ABU(Junior Group) Excellent Work
You can make Peace in the World !
Hifza Gul Pakistan (23, female )
Peace itself is a little more than a word, and a theory that begins to take hold in the mind of the individual, until the commitment is made by one, to begin to practice peace within their own life. Peace on earth can only be manifested when inner peace is practiced on a large scale. Inner peace is realized when the harmonious union of mind, body and spirit are aligned in one’s life through a purposeful and intentional practice. Adding the following steps in our life, we can surely bring peace in the world.
- Think peace before power. Power based on love is a thousand times more effective and permanent than the power gained through threat of punishment. If you've learned to "control" other people through threatening behavior, demeanor, or actions, those who are subjected to your power will be responding out of coercion, not out of respect or care for you. This is not a peaceful way to live.
- When communicating with others, seek to avoid ordering, moralizing, demanding, threatening, or excessively needling them with questions aimed at eliciting too much information. Each of these forms of communication will give rise to conflict with others who feel that you're trying to control them rather than speak with them as an equal.
- Thinking in absolutes and holding to convictions without ever considering the viewpoints and perspectives of others is a sure way to live a life without peace.
- Cultivate your sense of humor. Humor is a peace-lover's disarming charm; few fanatics are ever humorous because they're too busy taking themselves and their cause too seriously. Humor allows you to release tension and to show up the repressive tendencies of extremist thinking.
- Rather than jumping to negative conclusions about other people, change your own perspective and nourish the good in others. In changing your perspective of others, you can initiate change in their own self-perception. For example, instead of seeing someone as stupid or incompetent, start calling them intelligent, effective, and clever. This will nourish them and encourage them to live up to the good you perceive in them. Seeing others as interesting, special, and caring beings underneath their bravado, anger, and torment, can bring about a great change for the better.
- A peaceful person does not use violence against another person or animal (sentient beings).
- The former UN High Commissioner for Human Rights, Mary Robinson, said: "My experience of conflict is that those who are involved in it long for even a day of peace”.
- Avoid violent movies, news reports of violent acts, and music with hateful or degrading lyrics.
- Surround yourself with peaceful images, music, and people.
- Reflection of thought is important – many a hasty response has resulted in a tragic outcome because time to think through all of the issues and angles has not been taken. Naturally, there are times when fast action is essential to ensure safety but these times do not excuse the many other times when reacting with care and consideration will result in much better outcomes for all concerned.

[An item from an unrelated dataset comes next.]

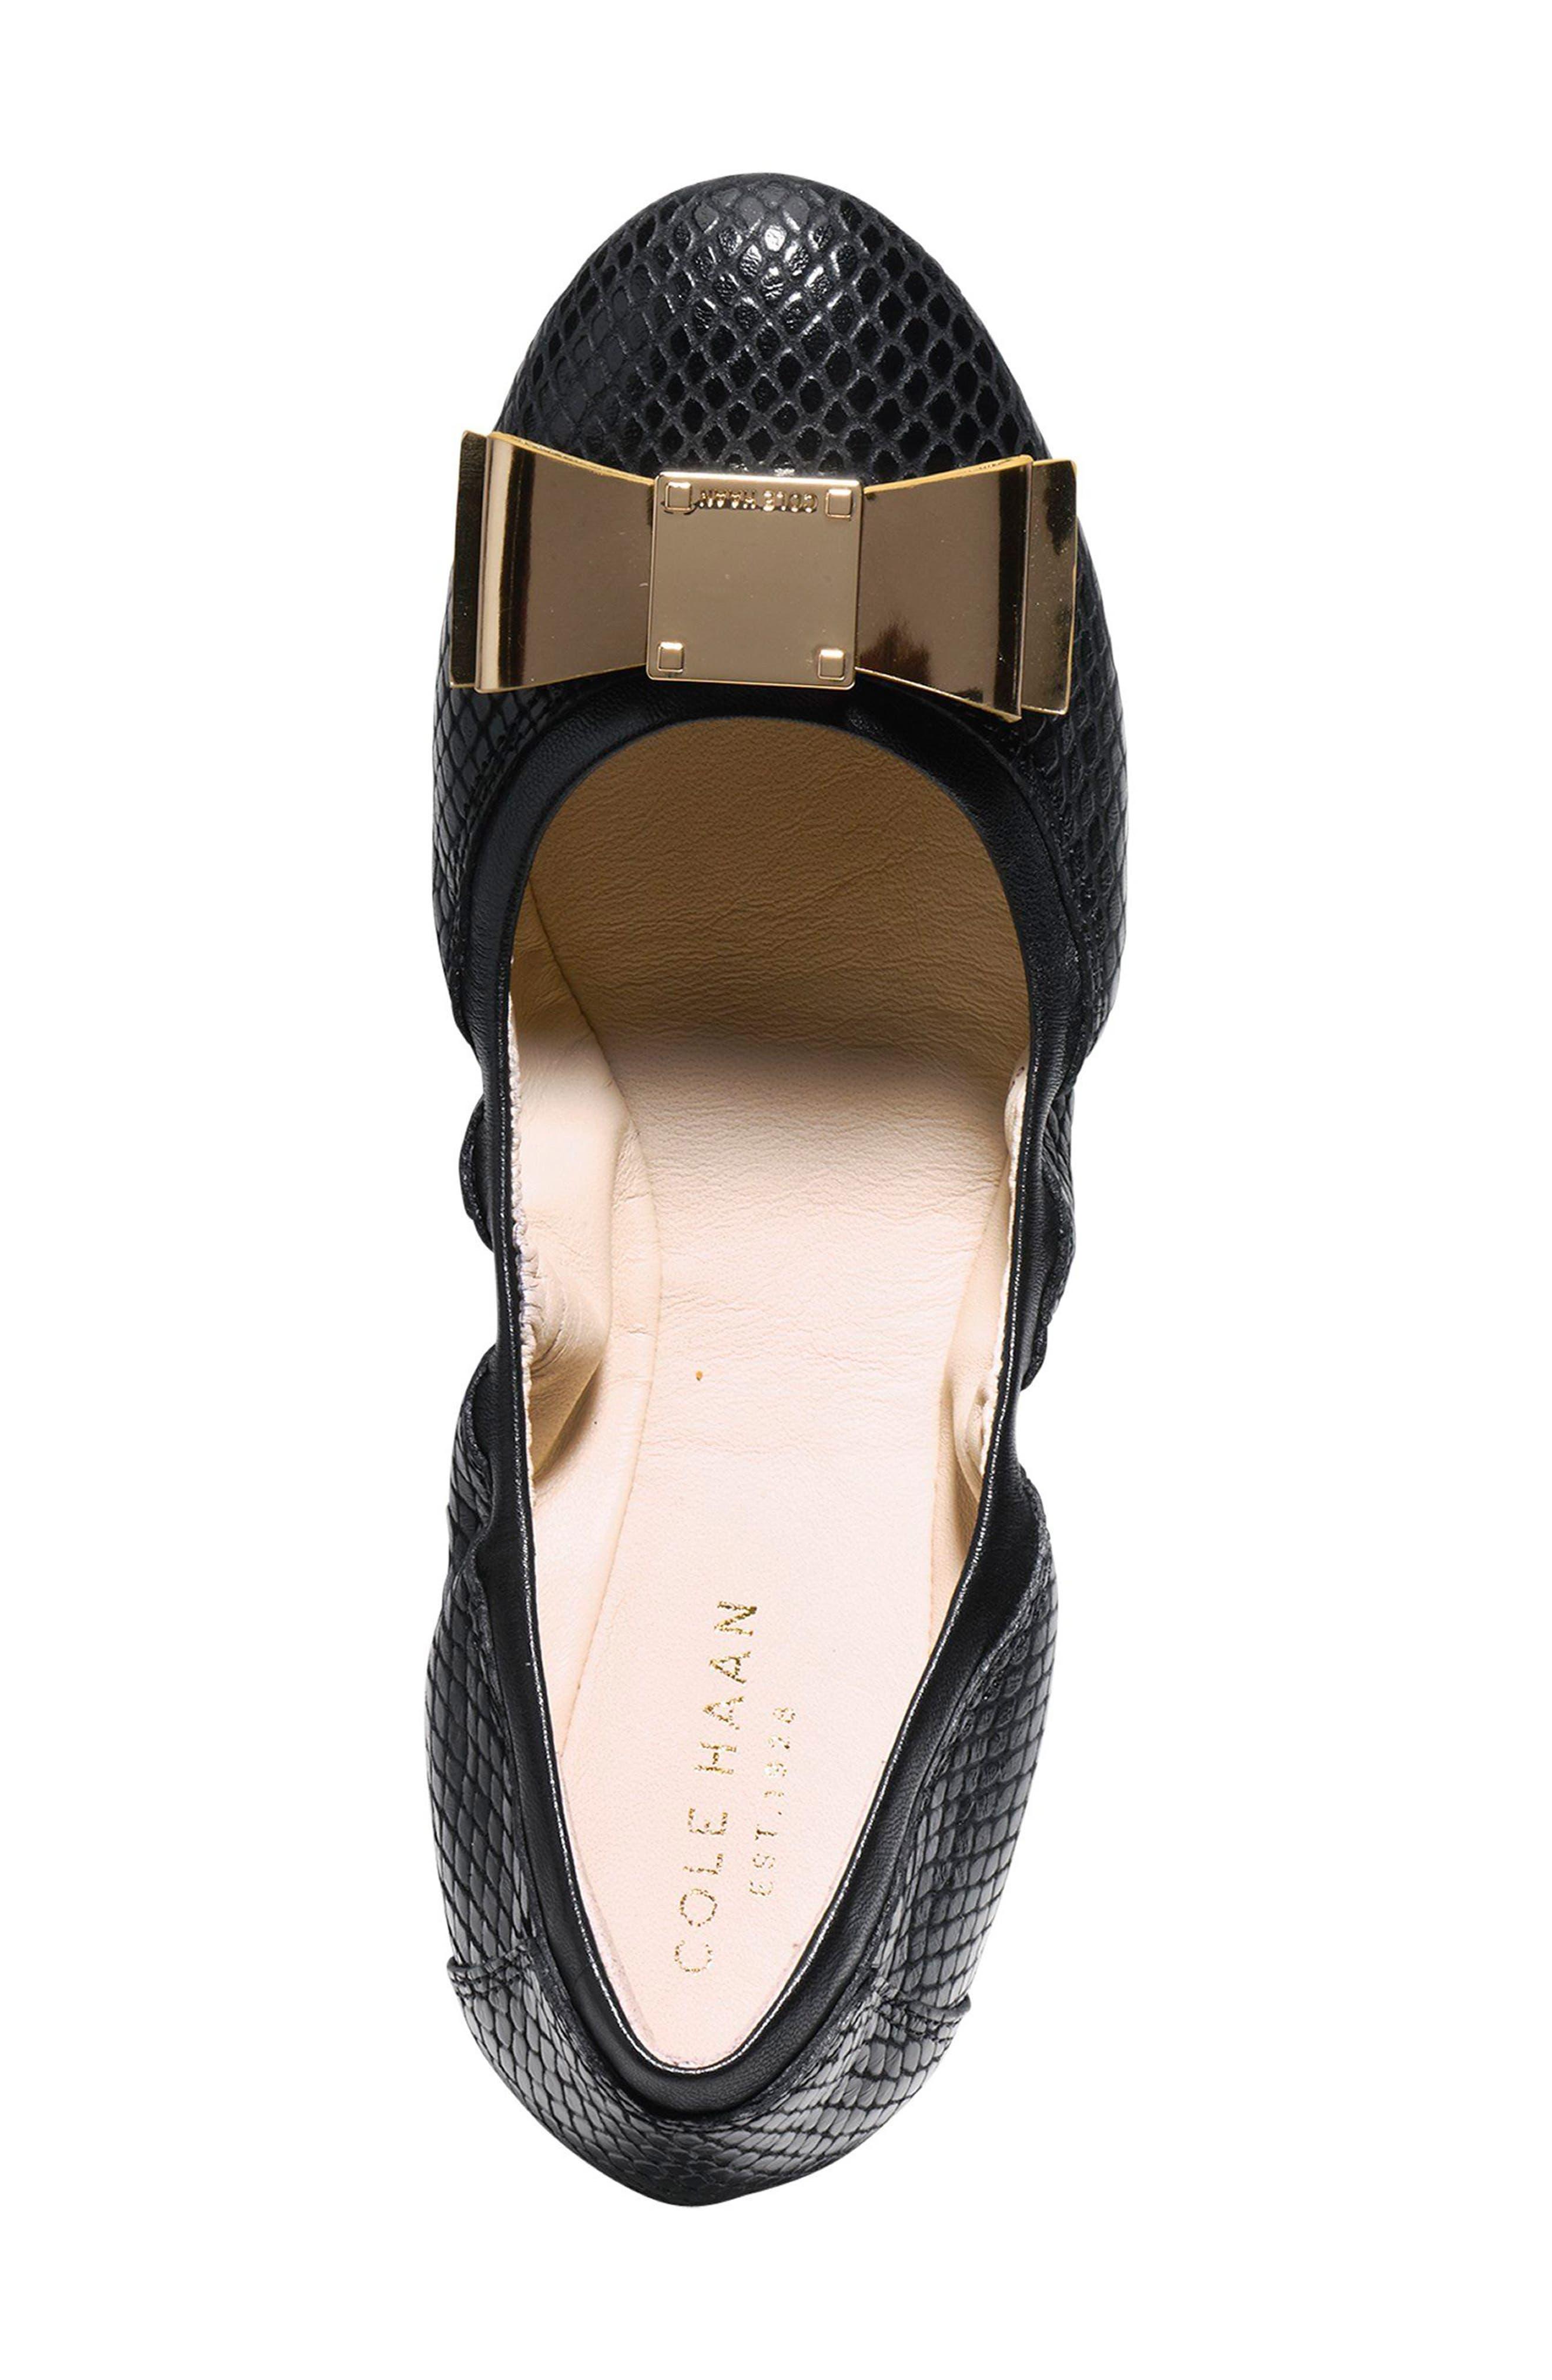 'Tali' Bow Ballet Flat,                             Alternate thumbnail 4, color,                             Black Snake Print Leather

- If someone hurts you physically or mentally, do not react with anger or violence. Stop and think. Choose instead to respond peacefully.
- Ask the other person to stop and think and tell them that anger or violence will not resolve the issue at hand. Simply say "please don't do that". If they refuse to stop, remove yourself from the scene or situation.
- Just stop yourself. When you feel like the need to respond to something in a manner that portrays your anger, frustration, or irritation, tell yourself "Stop". Remove yourself from the situation that is bringing on confusion and inability to reflect. By giving yourself the space, you'll have time to overcome the initial angry feelings and replace them with thoughtful solutions, including not responding.
- Our cultural, religious, and political differences should not provide the backbone to invoke conflicts that can only bring sadness and destruction to our world. When you feel compelled to harm another out of a perceived slight to your reputation, or because you feel that their action deserves an equally abhorrent reaction, you perpetuate anger, violence, and sorrow. Replace this with forgiveness to seek the way of living peacefully.
- Trying to fill your life with possessions or improving yourself by social climbing without ever stopping to value your inner worth will leave you perpetually unhappy. When you crave something and you don't have it, you're in a place of conflict. It's easy to forget to be grateful for what you do have when you're constantly striving to upgrade your possessions, career, house, and life. Equally, owning too much stuff will create conflict and prevent you from living in peace because you're always at the beck and call of the "needs" of your possessions, from cleaning and maintenance, to insurance and security.
- It's hard to be motivated to violence against that which you see as beautiful, wondrous, amazing, and joyful; indeed, the greatest despair arising from wars comes from the destruction of innocence, beauty, and joy. Joy brings peace to your life because you're always prepared to see what is good in others and the world, and to be grateful for the wondrous aspects of life.
- There are a number of proactive ways that you can become the peaceful change you'd like to see in the world:
- Be a person who loves every person for who they truly are.
- Bring harmony to the world by championing love and peace for all. While this may seem daunting, reflect upon how Gandhi was able to show that a fragile, meekly man of small physical stature could achieve feats of incredible magnitude, all based on a staunch belief of practicing peace through non-violence. Your individual input does matter.